For whatever reason getting pregnant changed Jill's relationship with
me. She never teased me again, and I never got another one of
those bell ringing kisses. The closeness was still there, but
the sexual tension was missing from it. I got wonderful hugs,
and she wasn't shy about her good parts contacting my good parts, but
she didn't rub against me any more. She would lean against me
on cold winter evenings as we cuddled a child or two, watching TV or a
movie, but I didn't worry about getting an erection about it.
It was kind of bittersweet, in a way, because her memory was precious
to me, but the fantasy of renewing that memory had slipped away.

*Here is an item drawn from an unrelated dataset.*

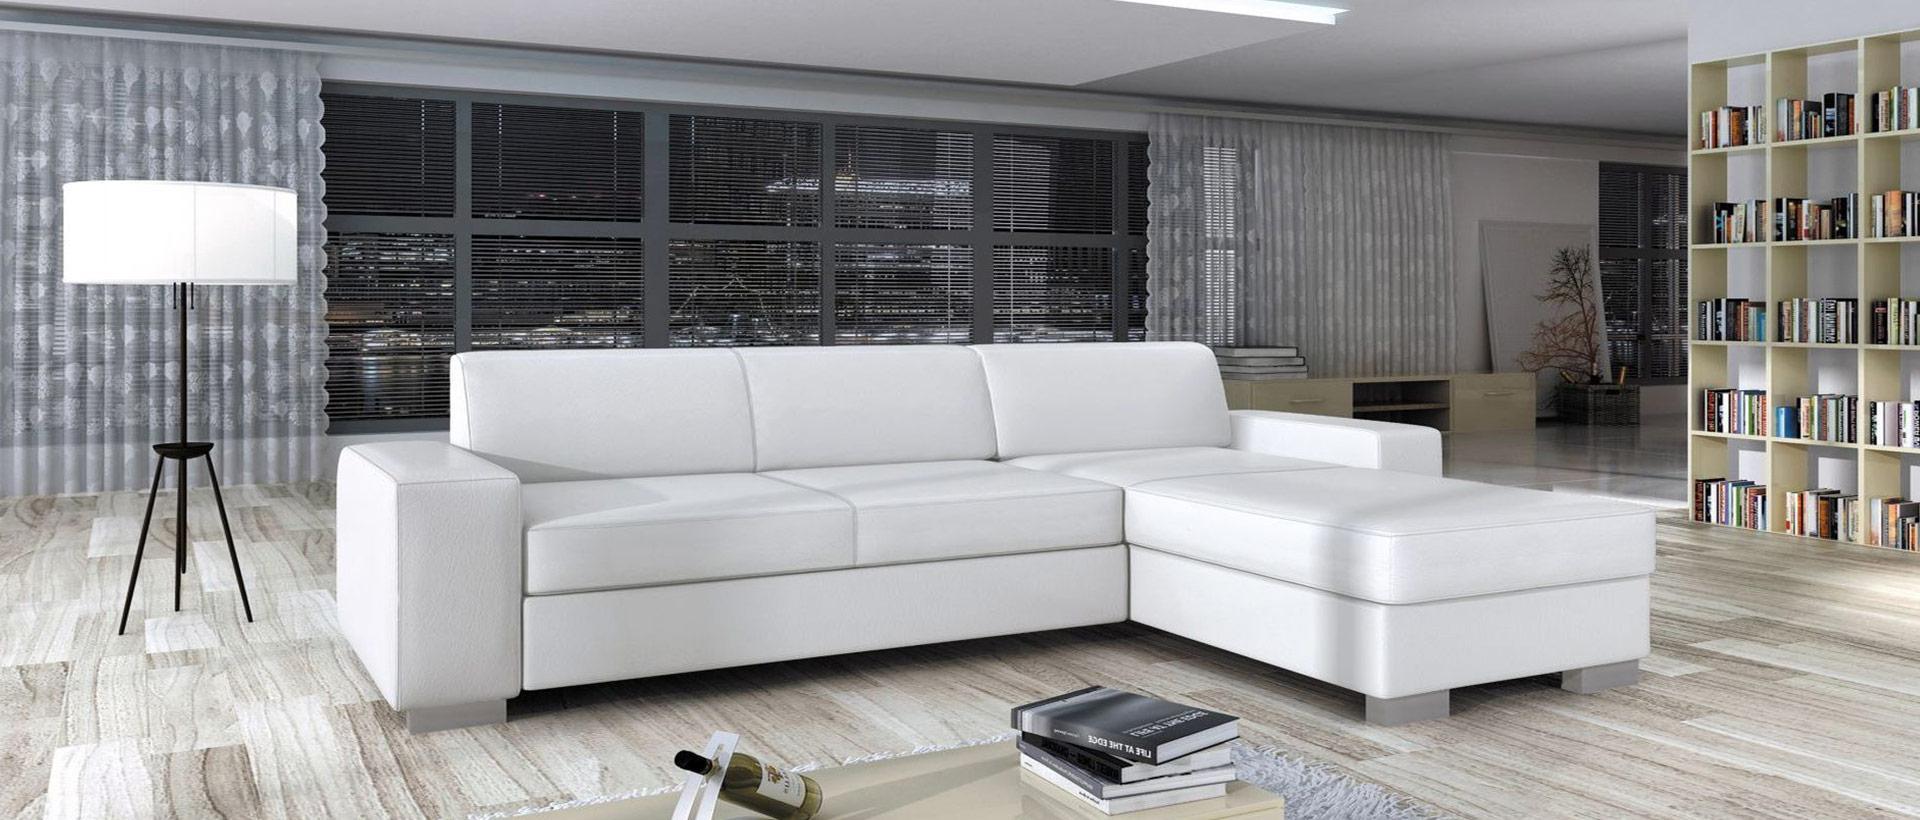 Sento sofa

Love is like that. If someone tells you you can only love one
person, tell them they're full of it. Falling in love is
easy. It's making things work with all the people you fall in
love with that's the challenge. And love makes you sacrifice
some things, for the benefit of those you love. That part is
pretty rough sometimes too.
But it's worth it, if you can keep the love in the appropriate context.
Not only do you get to keep loving someone ... it can get a
granddaughter named after you.
Roberta Lynne Parks will learn about that some day, when she's old
enough to ask about where she got her name.